Mastering Lookahead and Lookbehind


Note: For a quick summary of lookarounds, see the lookaround section of the "(?" syntax reference.

Lookarounds often cause confusion to the regex apprentice. I believe this confusion promptly disappears if one simple point is firmly grasped. It is that at the end of a lookahead or a lookbehind, the regex engine hasn't moved on the string. You can chain three more lookaheads after the first, and the regex engine still won't move. In fact, that's a useful technique.

Lookahead Example: Simple Password Validation

Let's get our feet wet right away with an expression that validates a password. The technique shown here will be useful for all kinds of other data you might want to validate (such as email addresses or phone numbers).
Our password must meet four conditions:

1. The password must have between six and ten word characters.
2. It must include at least one lowercase character.
3. It must include at least one uppercase character.
4. It must include at least one number.

With lookarounds, your feet stay planted on the string. You're just looking, not moving!
Our strategy will be to stand at the beginning of the string and look ahead several times. We'll look for the number of characters, then we'll look for the lowercase letter, and so on. If all the lookaheads are successful, we'll know it's just what we want…
We'll then simply gobble it all up with a plain .*

See, a lookaround is really a form of conditional.

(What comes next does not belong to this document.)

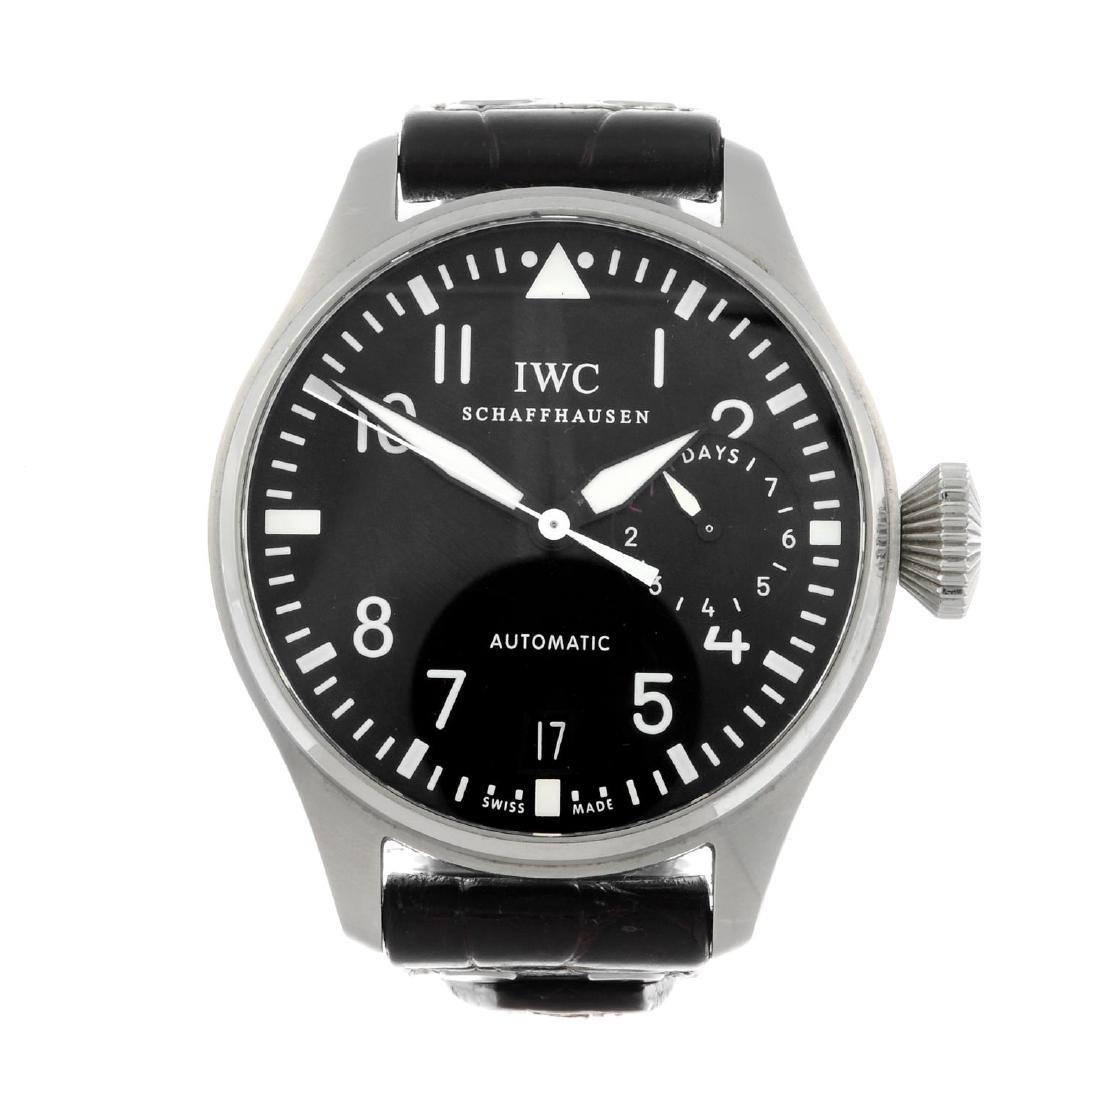 IWC - a gentleman's Big Pilot wrist watch. Stainless

It says "if you see X, then go ahead and match that". In the case of a negative lookaround, it says "if you don't see Y, then go ahead and match that".

Let's start with condition #1. A string of six-to-ten word characters can be written like this:
\w{6,10}
To look for this at the beginning of the string, we embed the expression in a lookahead, and we anchor the lookahead at the beginning of the string, so that we start looking from there:
^(?=\w{6,10})
We don't want the string to contain anything else, so we add the dollar anchor in the lookahead:
^(?=\w{6,10}$)
Finally, if this lookahead is successful, we match the whole string:
^(?=\w{6,10}$).*

So far, we have an expression that validates that a string has six to ten word characters. Setting the other conditions will be a simple matter of adding lookaheads, and we'll get to this in a moment. But first, let's pause to note that our first condition is a special one that is present in most password-validation-style tasks: it is the condition that specifies the allowable set of character (in our case, only \w characters). This condition also happens to specify the string's length. When we're done, I'll show a simple variation that gets rid of the lookahead for that special condition (the allowable set of characters), but for now I want to walk you through the process of building the validation regex by adding conditions one by one, because that is the core technique to remember.

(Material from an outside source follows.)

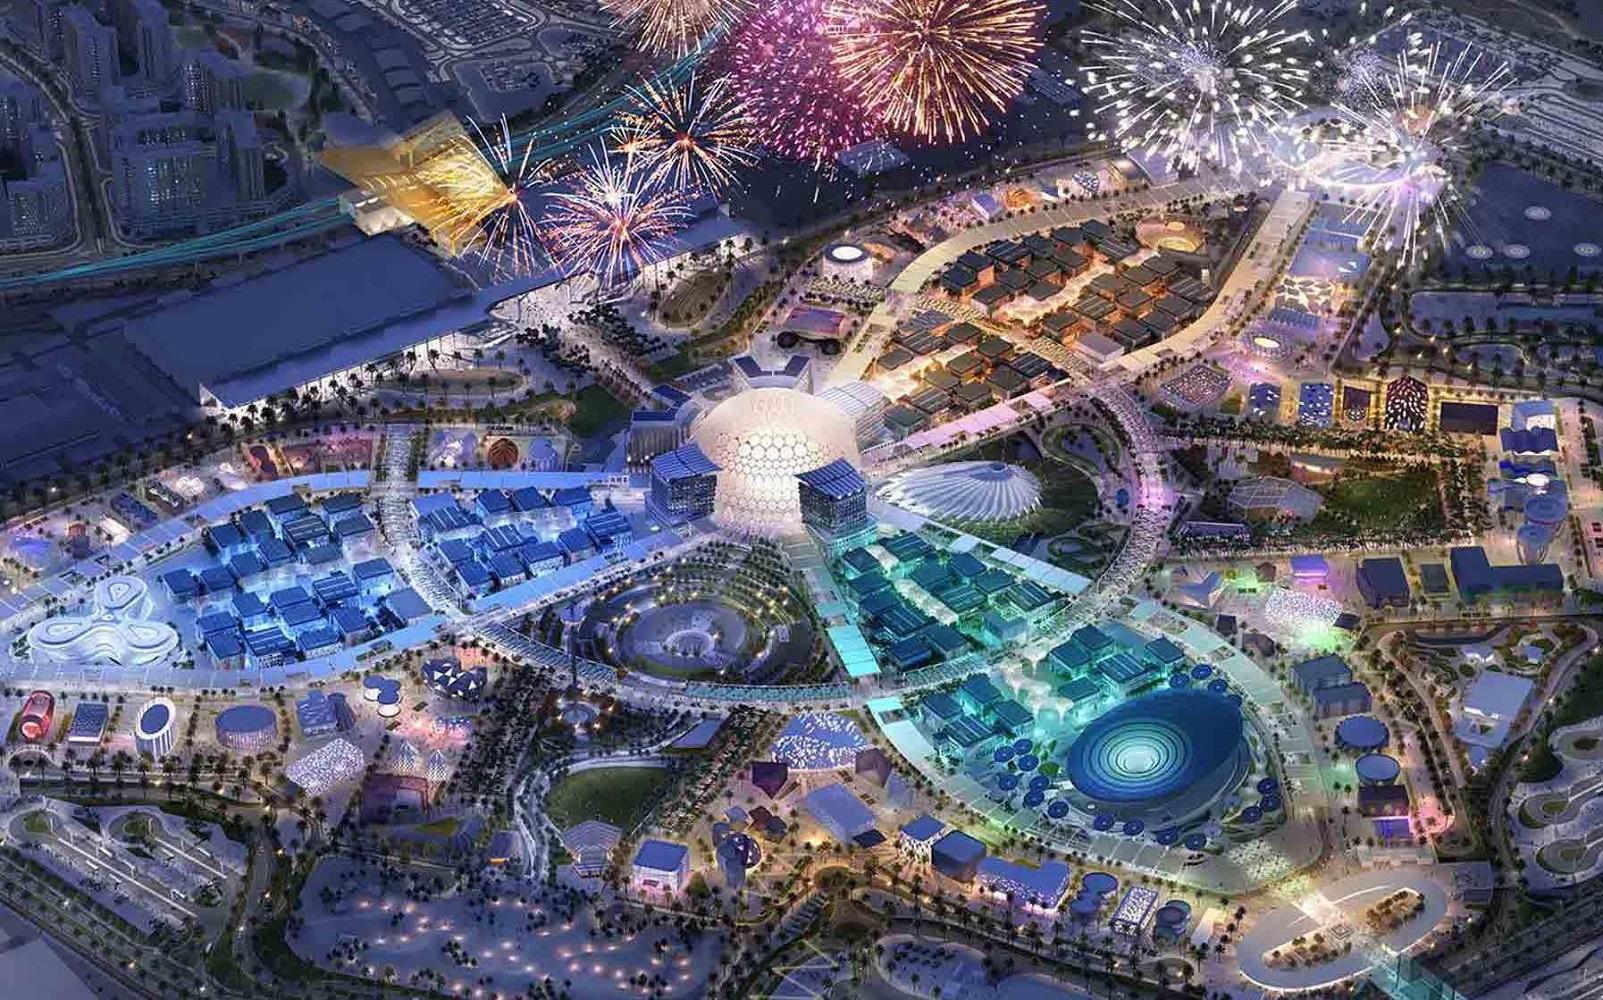 expo-2020-dubai-a-powerful-association-for-sponsor-brands

Now let's add lookaheads for the other conditions.

First, let's look ahead if the string contains at least one lowercase letter:
(?=.*?[a-z])

How does this lookahead work? The .*? lazily eats up anything until it meets one lowercase letter. Of course, once you exit the lookahead, the engine hasn't eaten up any string characters: we are back where we started, at the beginning of the string.

So at this stage, we could combine this lookahead with our earlier expression:
^(?=\w{6,10}$)(?=.*?[a-z]).*
We look ahead twice in a row, and if we're satisfied by what we see, we eat up the string.

Following the same idea, for for condition #3 (at least one uppercase letter), we can use:
(?=.*?[A-Z])

For condition #4 (at least one digit), we use:
(?=.*?\d)

Pulling all the lookaheads together into one regex, here is our password-validating expression:
^(?=\w{6,10}$)(?=.*?[a-z])(?=.*?[A-Z])(?=.*?\d).*

By now, you know I'm fond of unrolling my regexes by using PHP's comment mode. Unrolled, our password validation expression looks like this:

(?x)           # Comment mode

^              # Anchor: beginning of string

(?=\w{6,10}$)  # Look ahead: six to ten word characters, then the end of the string

(?=.*?[a-z])   # Look ahead: anything, then a lower-case letter

(?=.*?[A-Z])   # Look ahead: anything, then an upper-case letter

(?=.*?\d)      # Look ahead: anything, then one digit

.*             # The lookaheads worked. We like this string, so let's eat it all up!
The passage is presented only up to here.